The Prison Industry
Part 1 of a 3 Part Series
By Randall G. Shelden, M.A, Ph.D
Senior Research Fellow, Center on Juvenile and Criminal Justice

Incarceration: The United States versus the World At the close of 2009, the U.S. prison population was 1,610,446—a rate of 504 inmates in custody per 100,000 U.S. residents. If we include jails, the number of people incarcerated totals more than 2.3 million, and the incarceration rate climbs to 754 (Sabol et al., 2010). As noted in the New York Times:
The United States leads the world in producing prisoners, a reflection of a relatively recent and now entirely distinctive American approach to crime and punishment. Americans are locked up for crimes—from writing bad checks to using drugs—that would rarely produce prison sentences in other countries. And, in particular, they are kept incarcerated far longer than prisoners in other nations (Liptak, 2008).

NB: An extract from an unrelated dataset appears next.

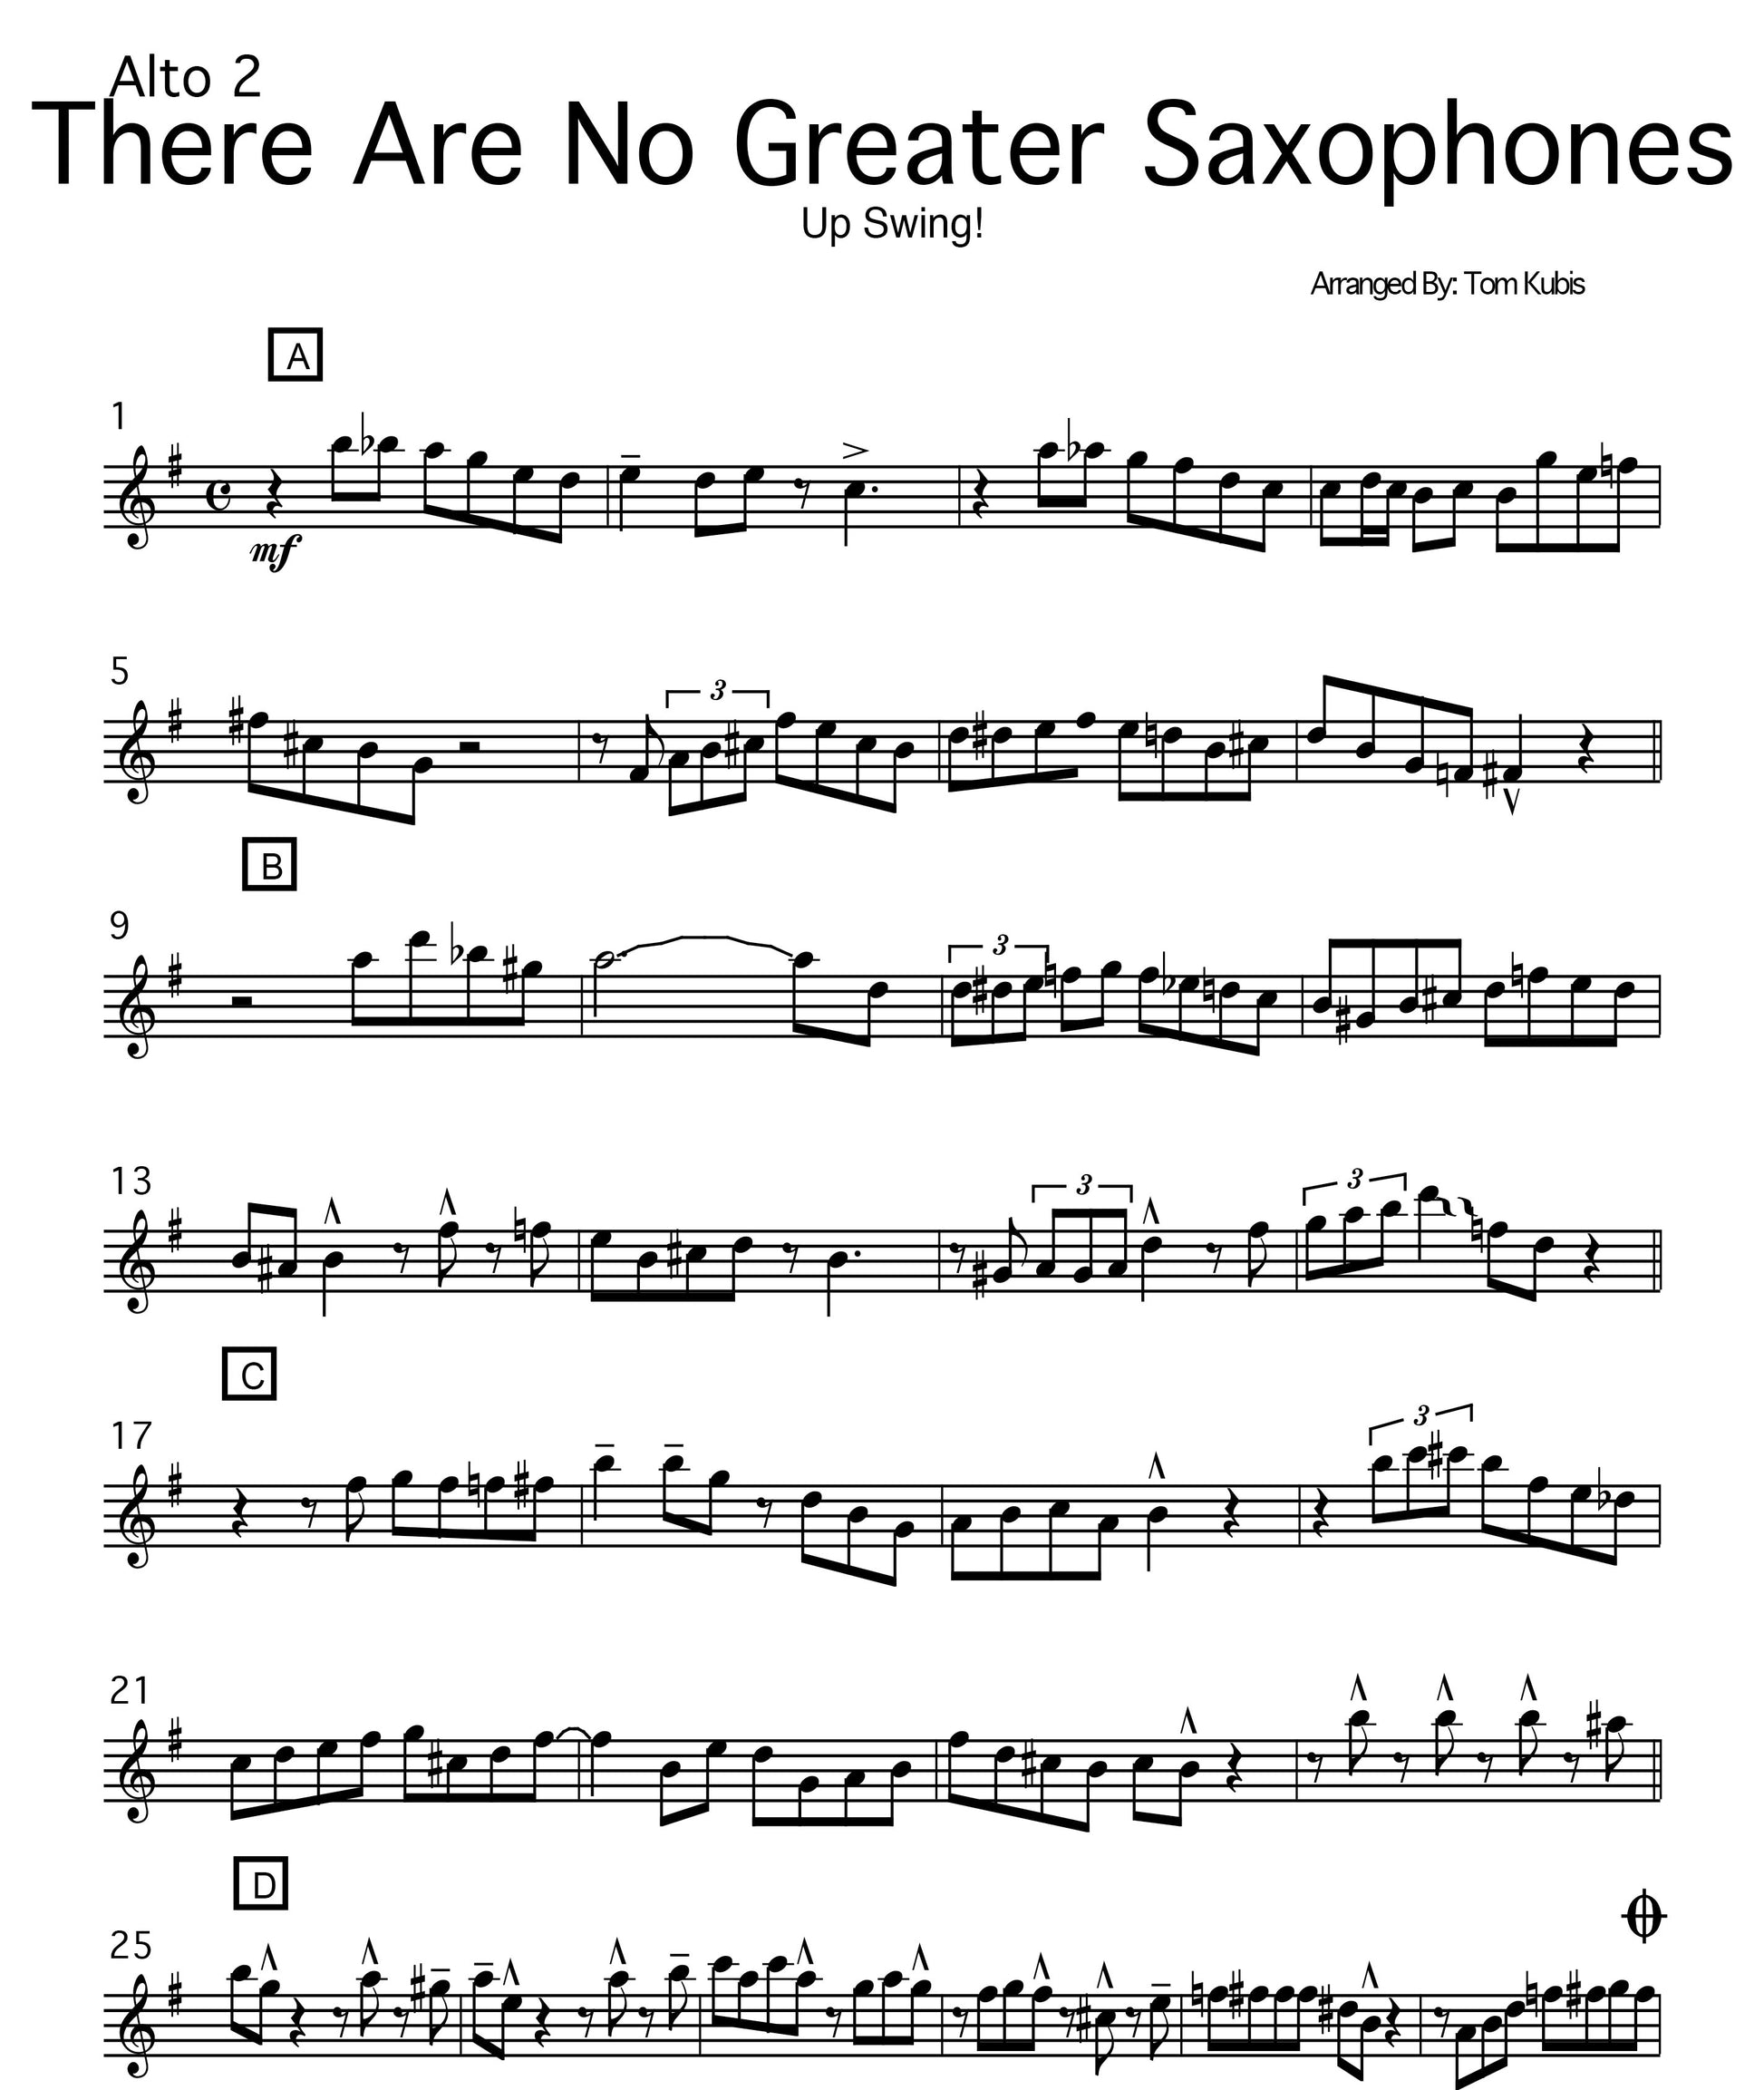 No Greater Saxophones

The United States incarcerates almost 25% of the world’s prisoners yet has only 5% of the world’s population. The overall world prison population rate is 145 per 100,000; 59% of the countries in the world have rates below 150 prisoners per 100,000 population (King’s College London, 2009). The next highest rates are the Russian Federation (626) and Rwanda (593). Canada’s incarceration rate is less than one-sixth the U.S. rate despite relatively similar economic and political systems. As Nils Christie (2000) points out, there is one important difference: Canada has more of a “social safety-net” various welfare benefits) than does the United States. The crime rate in Canada has risen and fallen in the last 40 years similar to the crime rate in the United States, but its imprisonment rate has remained stable (Liptak, 2008).

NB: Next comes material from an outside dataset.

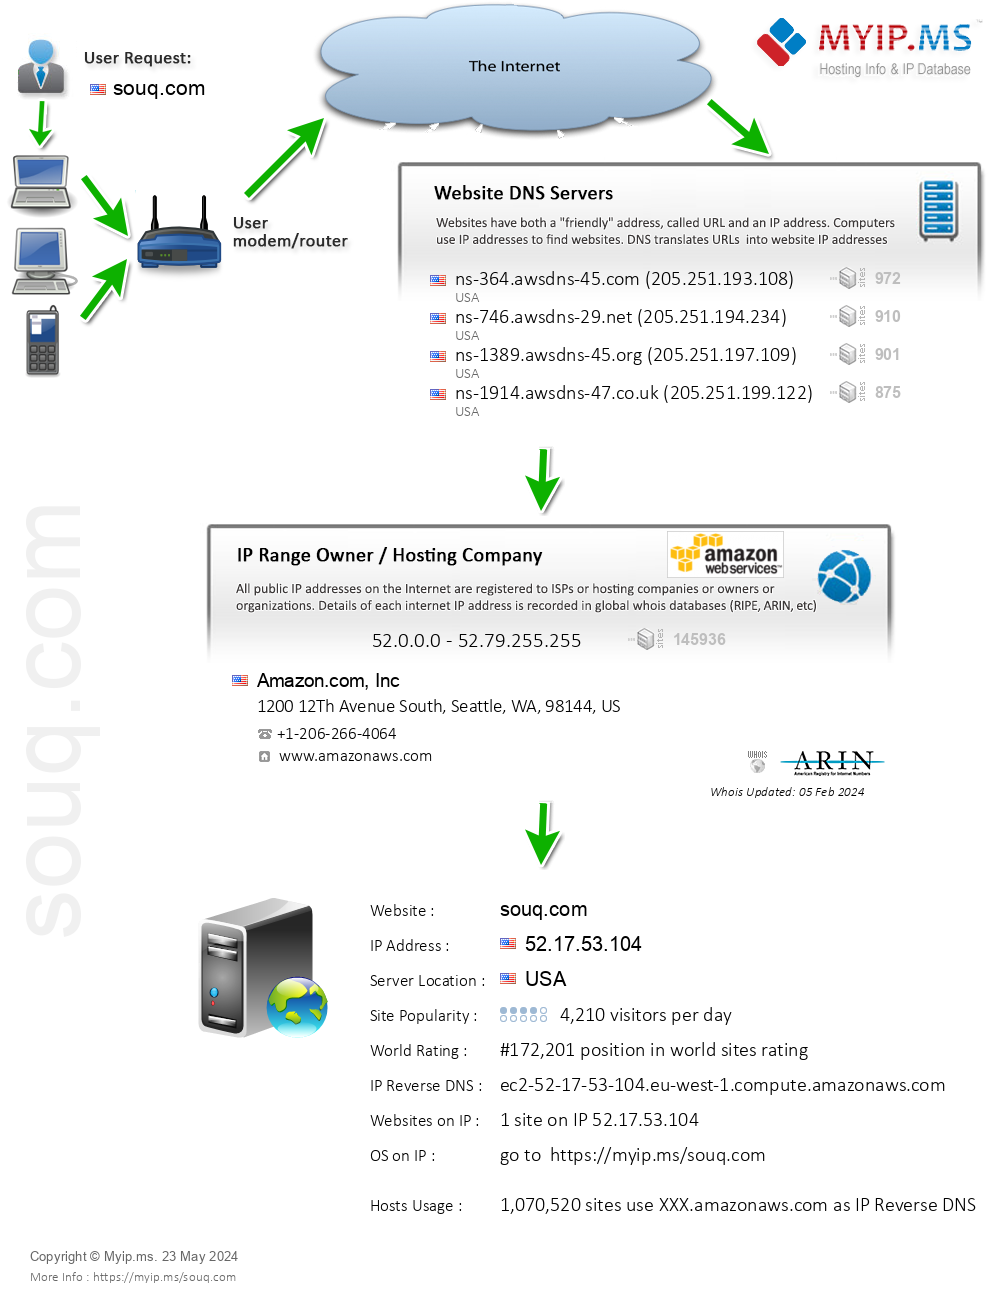 Souq.com - Website Hosting Visual IP Diagram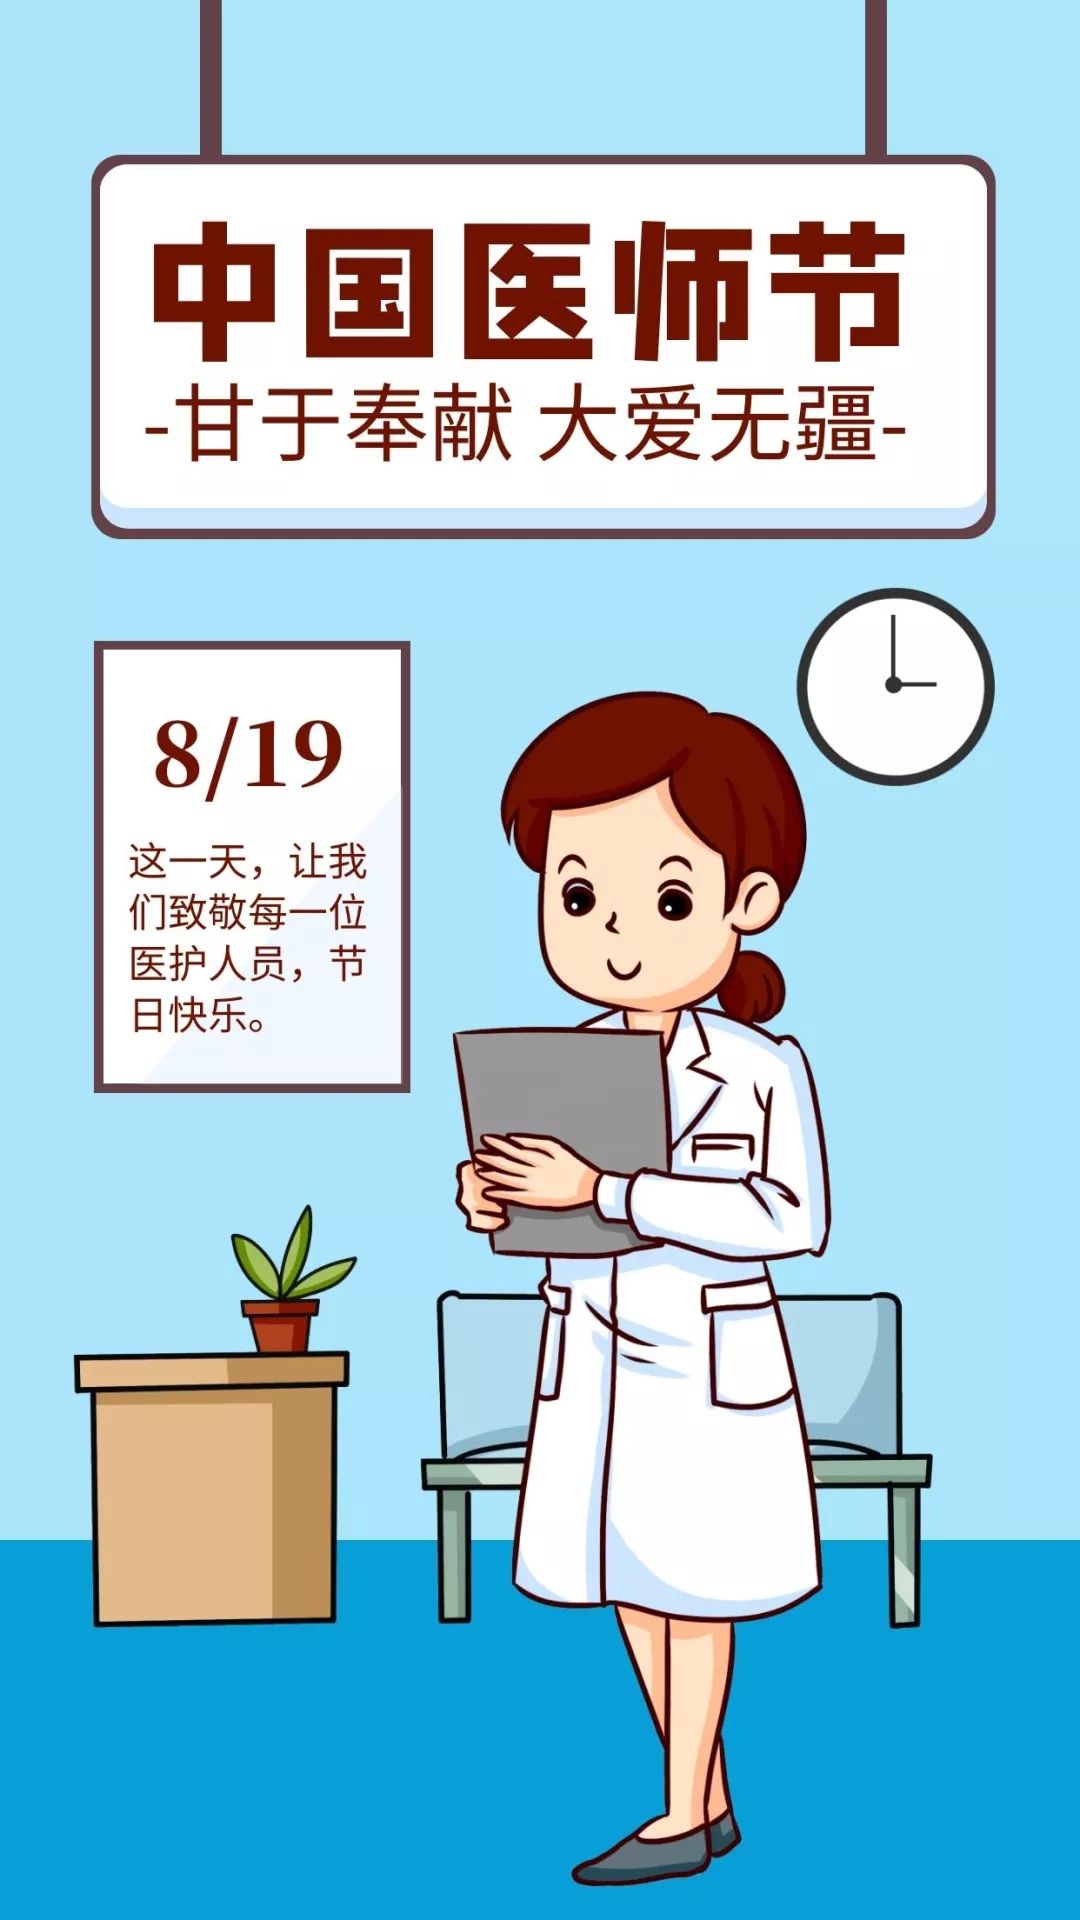 【杏林祝福】中国医师节,感谢每一位伟大的"普通人"

Historically the imprisonment rate changed very little between the early 20th century and the late 1970s. As noted in the overview, from the 1920s to the mid-1970s the number of prisoners fluctuated between around 100,000 and 300,000 while the rate remained rather steady at around 100. Since then the numbers and the rate boomed upward, driven largely by the “war on drugs” and extremely harsh sentencing laws (e.g., Three Strikes, Mandatory Sentencing). As the first decade of the 21st century comes to a close, the United States faces a growing crisis in imprisonment that threatens to cause unprecedented fiscal problems for virtually every state and large city in the country. The increases have also created what many have called a “prison industrial complex” that is as problematic as the “military industrial complex” (Shelden, 2010, chapter 2).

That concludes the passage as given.